"An Israeli startup that has developed technology to stop data being stolen from internet cables has emerged from stealth with a total of $26 million in funding. CyberRidge says its technology manipulates light to conceal data as it travels through fiber-optic cables on the seabed or on land. If an adversary - like a nation state - cuts the cables and tries to steal the data, they would only capture "random noise," Dan Sadot, the CEO and founder of CyberRidge, told Business Insider."
"Subsea cables, which are typically about as thick as a garden hose, are the backbone of the internet and crucial to the world's economy. Data is already encrypted as it travels through sprawling fiber-optic cables around the world. However, it can be siphoned off and stored with the intention of decrypting it in the future with powerful quantum computers, which are expected to crack today's encryption standards."

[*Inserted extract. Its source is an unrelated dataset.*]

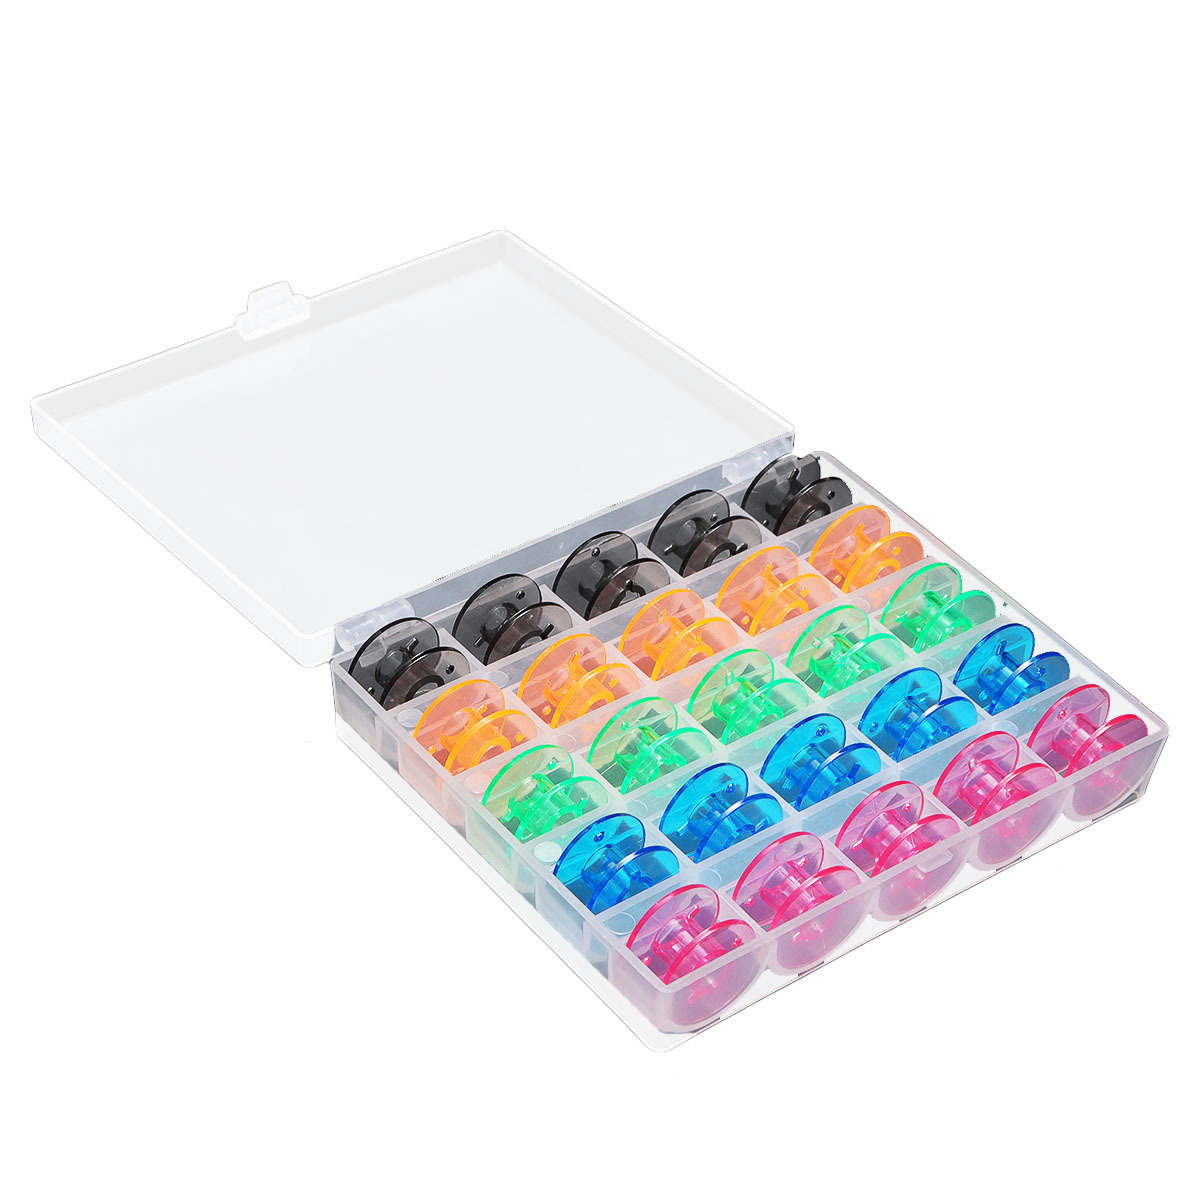 

25Pcs/Set Empty Bobbins Sewing Machine Spools Colorful Plastic Case Storage Box For Sewing Machine

CyberRidge developed optical technology that conceals data traveling through fiber-optic cables by manipulating light so intercepted signals appear as random noise. The company offers a hardware device that sits at each cable end and requires a recomposition process using a photonic key that changes every fraction of a second. The approach aims to prevent adversaries who cut cables from siphoning usable data and complements existing encryption to guard against future quantum decryption. Potential customers include telecommunications carriers and hyperscale cloud providers. The company emerged from a concept encouraged by an Israeli intelligence unit and raised $26 million in funding.